You’re about to begin a Kickstarter campaign. Well here’s a few tips, some things I’ve learnt, a few things to avoid, that could make the difference between success and failure.

1. Press “Go” without involving everyone

Do not press the “Go” button when your partner is doing dishes in the other room! No, that would be bad. May I even be so bold as to suggest pressing the button in style, maybe with a little champagne? Everyone involved in the project should be gathered around the computer, glasses in hand and some kind words said, maybe even directly to the person who created the project. Because maybe if she finds out her campaign was launched when she sits down at her desk and gets the congratulations email from Kickstarter, after she does the dishes, she might become what we call in our family “un-rope-able”. This early button pushing behaviour might also to lead to domestic disharmony that might last for days and a couch might be involved too, but I don’t know, this article is purely hypothetical… just remember rule number one… be inclusive.

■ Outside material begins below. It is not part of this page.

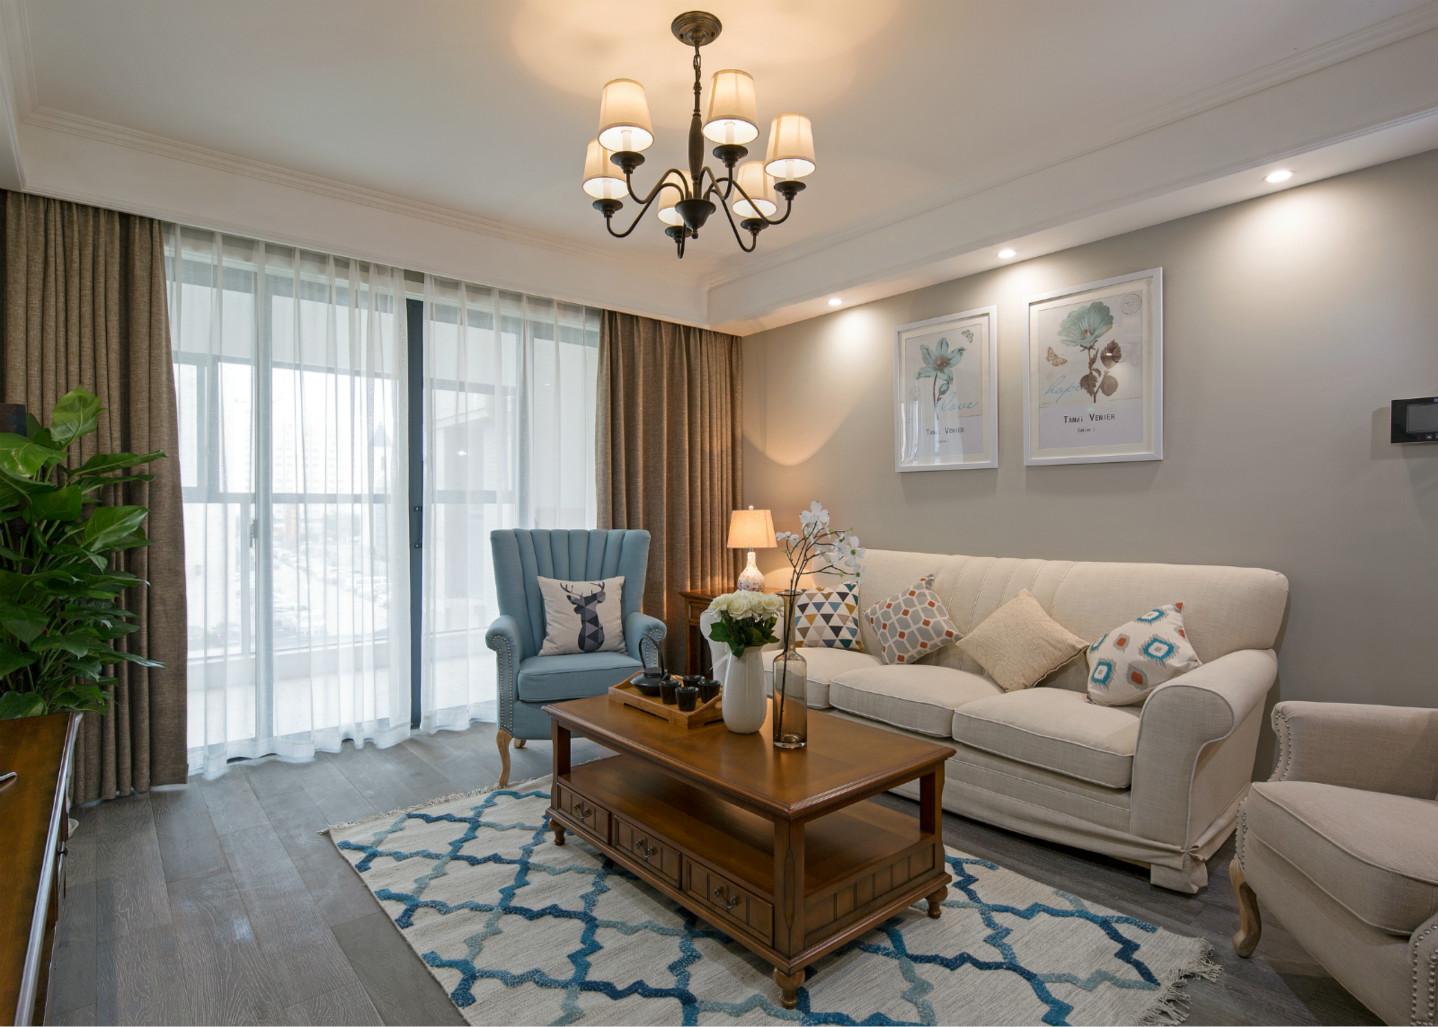 墙面、布艺沙发、窗帘、地毯均使用浅色系,给房子增加了些许干净与大气。

Please.

2. Start the campaign without a plan

Pressing the button is just the beginning, before you even press the “Go” button, you should have identified some evangelists to help spread the word. This saves you the embarrassment and humiliation of appearing like a non-stop billboard for a month and having people avoid you in the supermarket, from fear you might mention your project – yet another time. (Arithmetic VillageArithmetic VillageArithmetic Village…)

3. Assume a Kickstarter campaign will get you out of Jury duty

This one is important. The judicial system has not discovered Kickstarter or crowdfunding, they think it is something that involves jumper cables.  If you do, by some lucky chance, get chosen to serve on a jury, there is no internet in the courthouse, so you might have to sneak off to a cafe to squeeze in five or ten minutes on Facebook. The worst thing is this: You also might actually get so involved with the criminal case that may or may not involve robbers who accidentally stab themselves while climbing into the getaway car with all of their loot (no kidding), that you may even forget entirely about your project and decide to be a detective instead.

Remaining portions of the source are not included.